● **Information shown**
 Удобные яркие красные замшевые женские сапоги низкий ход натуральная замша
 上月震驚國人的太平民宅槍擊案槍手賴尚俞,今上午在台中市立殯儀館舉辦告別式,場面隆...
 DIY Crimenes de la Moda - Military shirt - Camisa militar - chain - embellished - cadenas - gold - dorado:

* * *

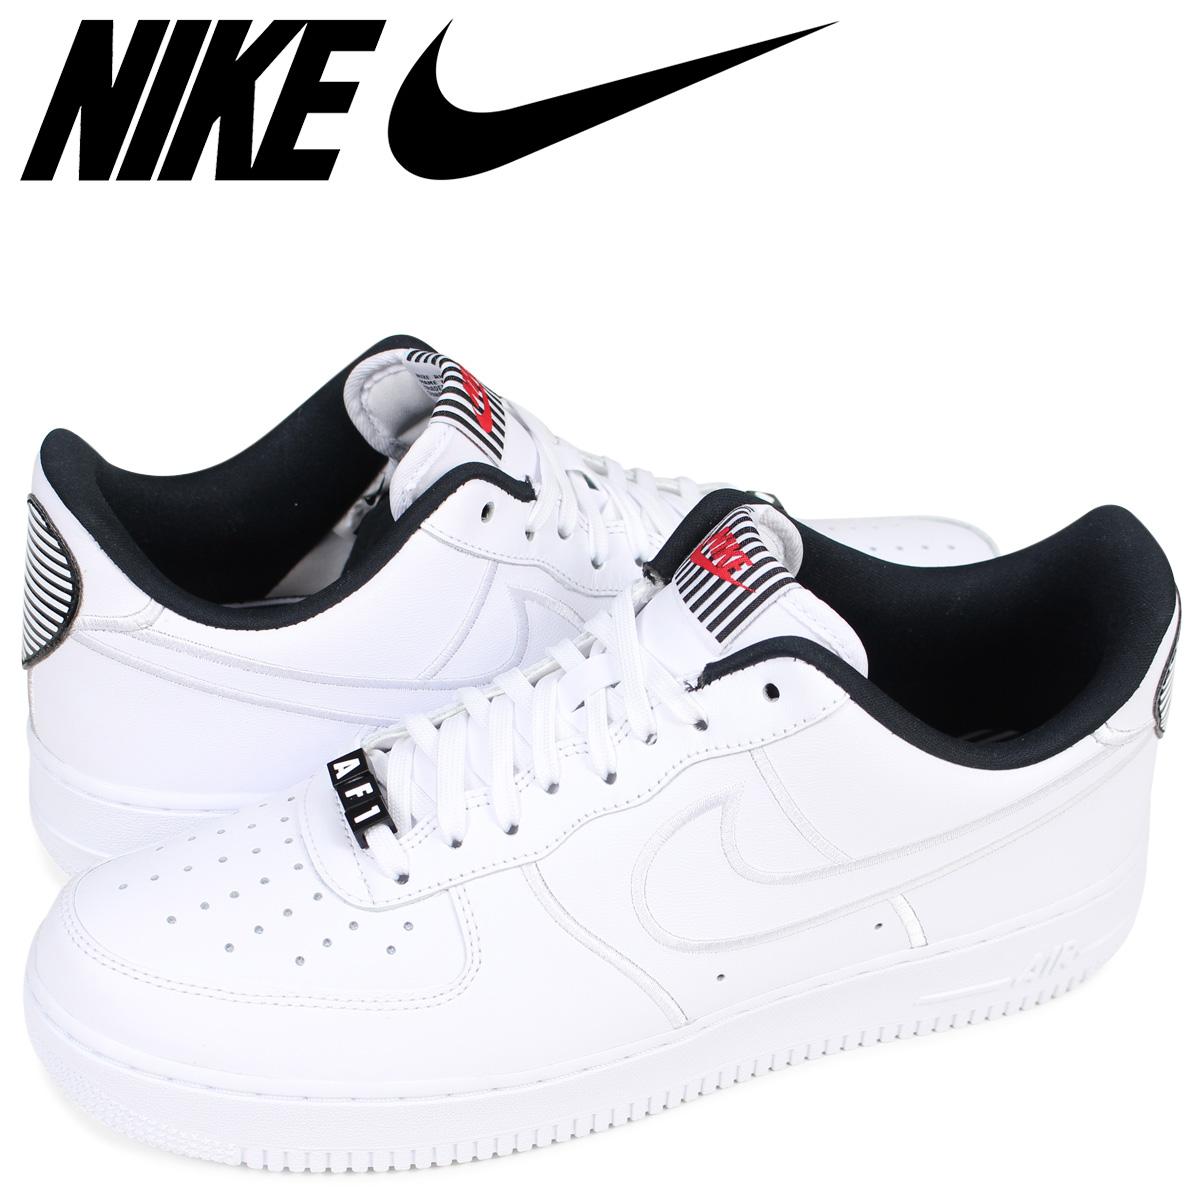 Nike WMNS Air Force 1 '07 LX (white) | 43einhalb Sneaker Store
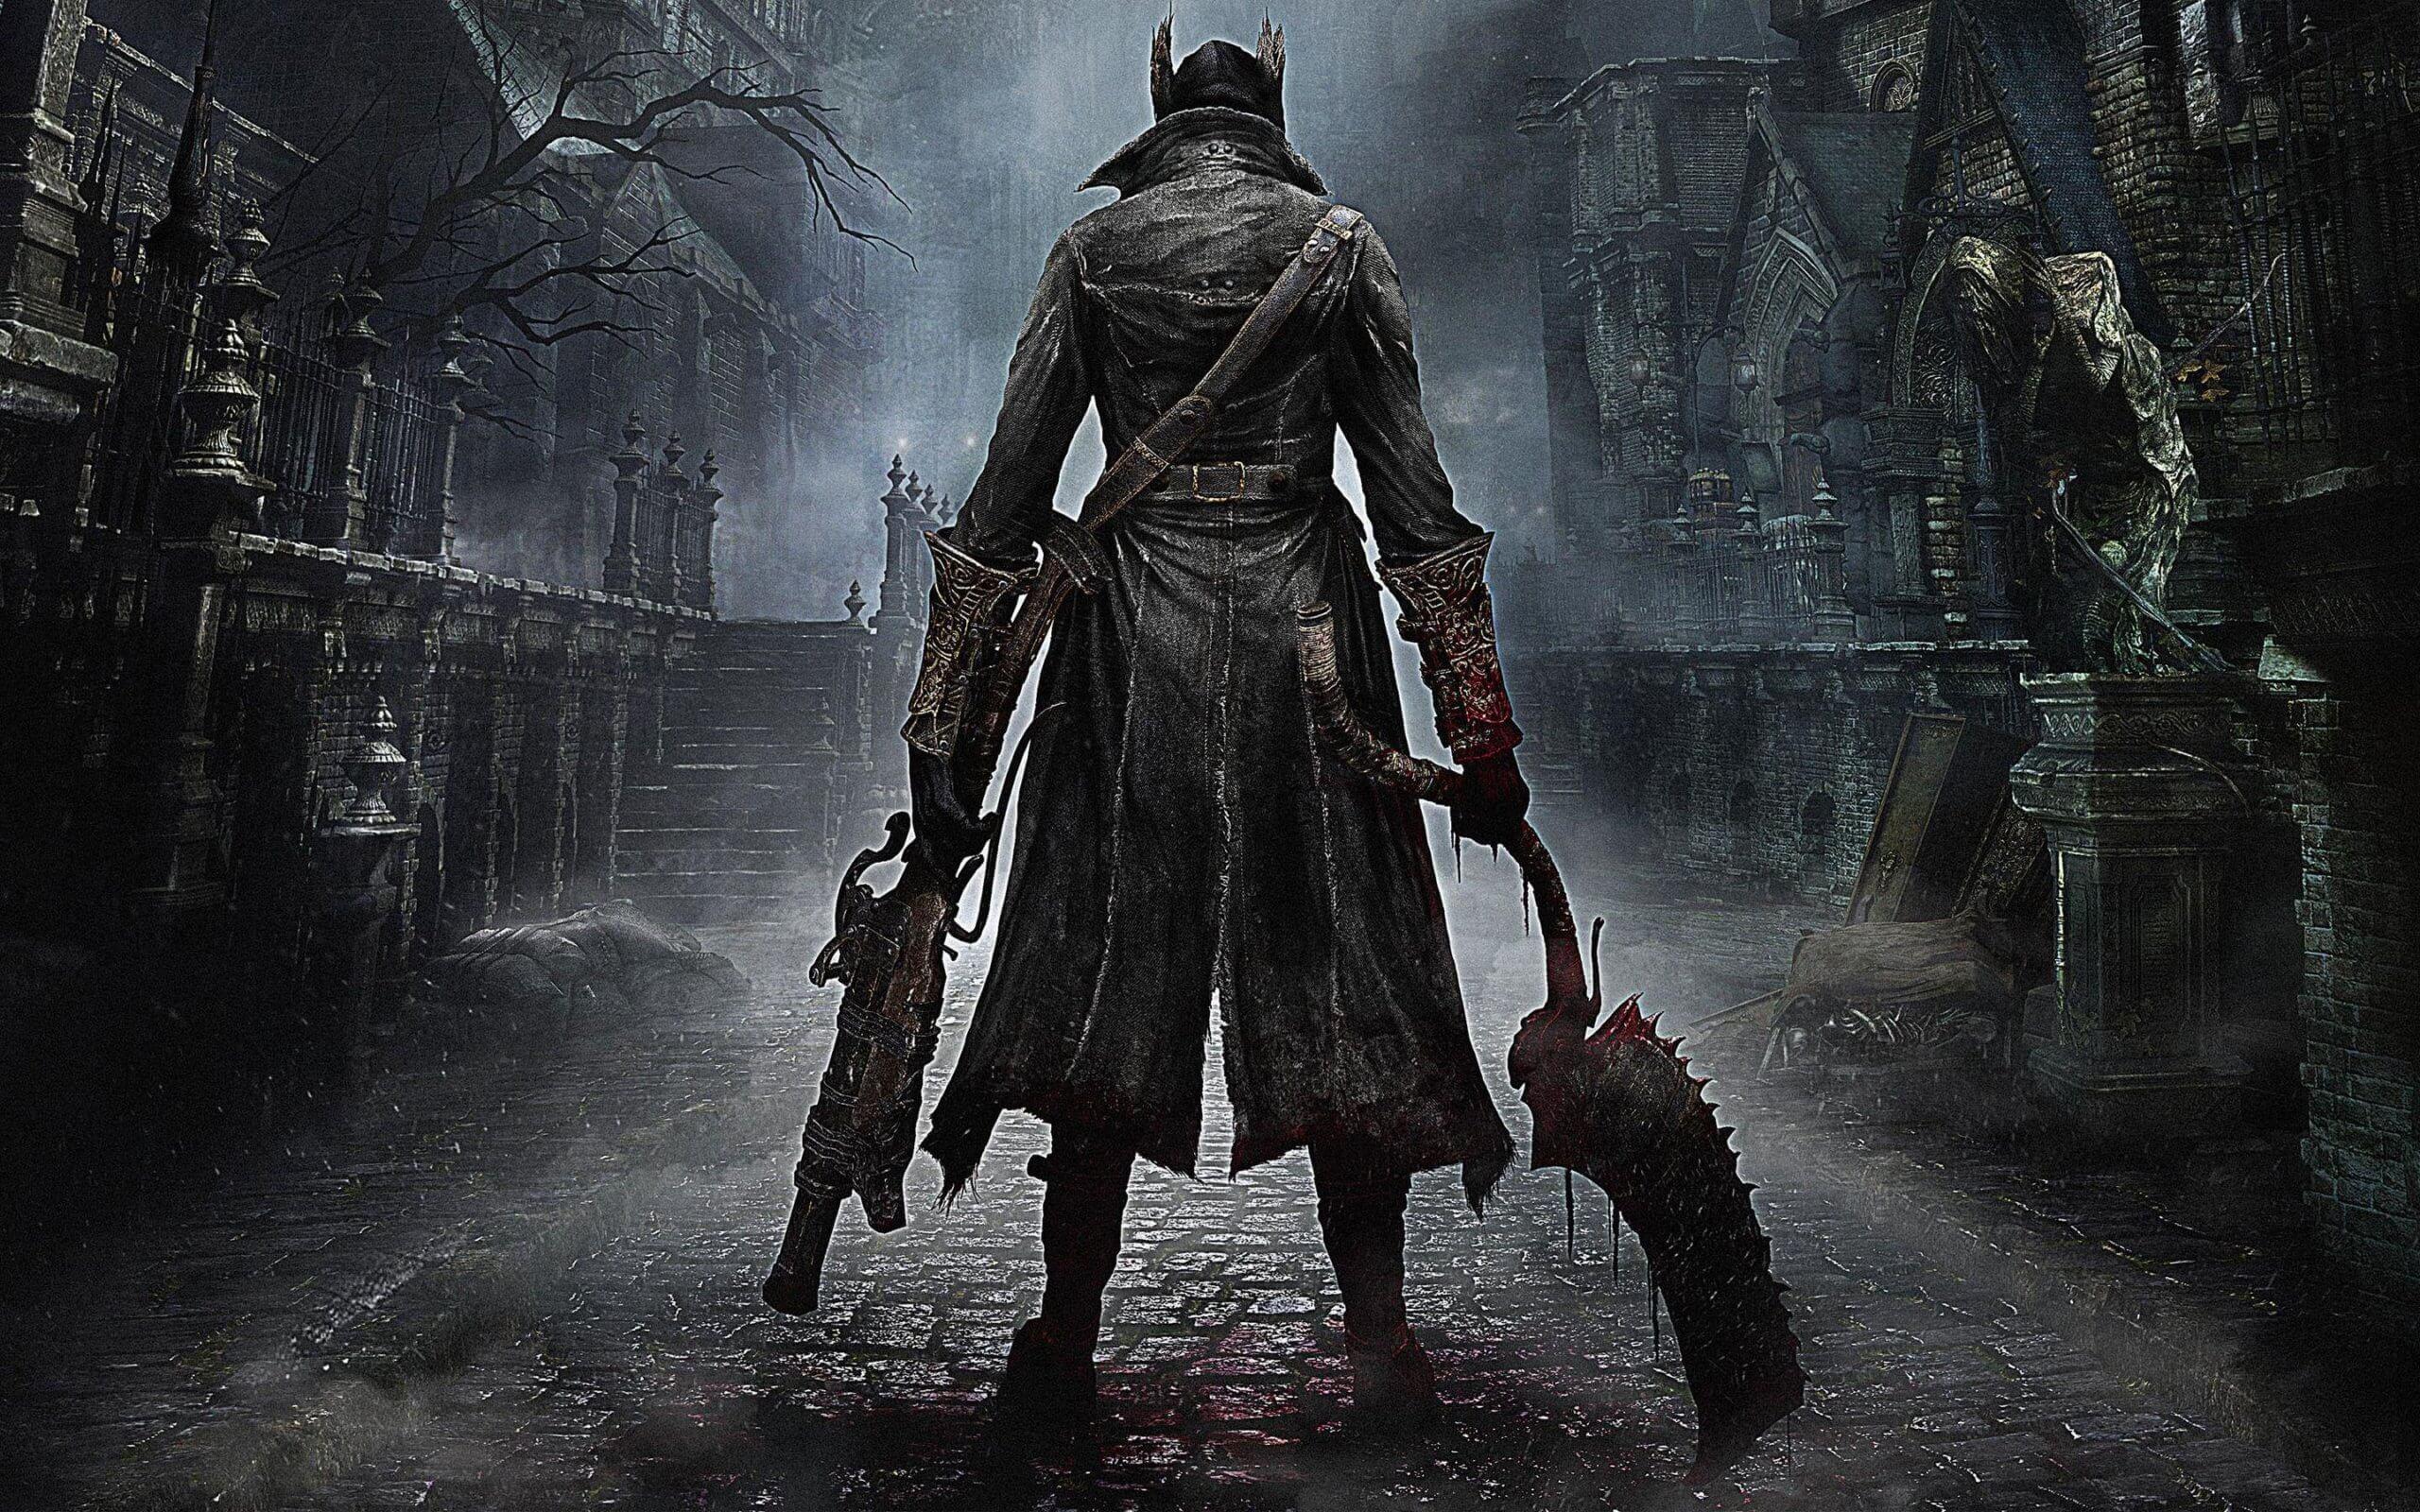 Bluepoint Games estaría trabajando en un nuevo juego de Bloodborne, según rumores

--

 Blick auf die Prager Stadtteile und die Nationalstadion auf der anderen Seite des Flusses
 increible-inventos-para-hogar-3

● **Problem to work on**
Can you repeat, word for word, every line above from the one containing "Удобные яркие красные" down to the one containing "DIY Crimenes de", including both?

● **Solution**
 Удобные яркие красные замшевые женские сапоги низкий ход натуральная замша
 上月震驚國人的太平民宅槍擊案槍手賴尚俞,今上午在台中市立殯儀館舉辦告別式,場面隆...
 DIY Crimenes de la Moda - Military shirt - Camisa militar - chain - embellished - cadenas - gold - dorado:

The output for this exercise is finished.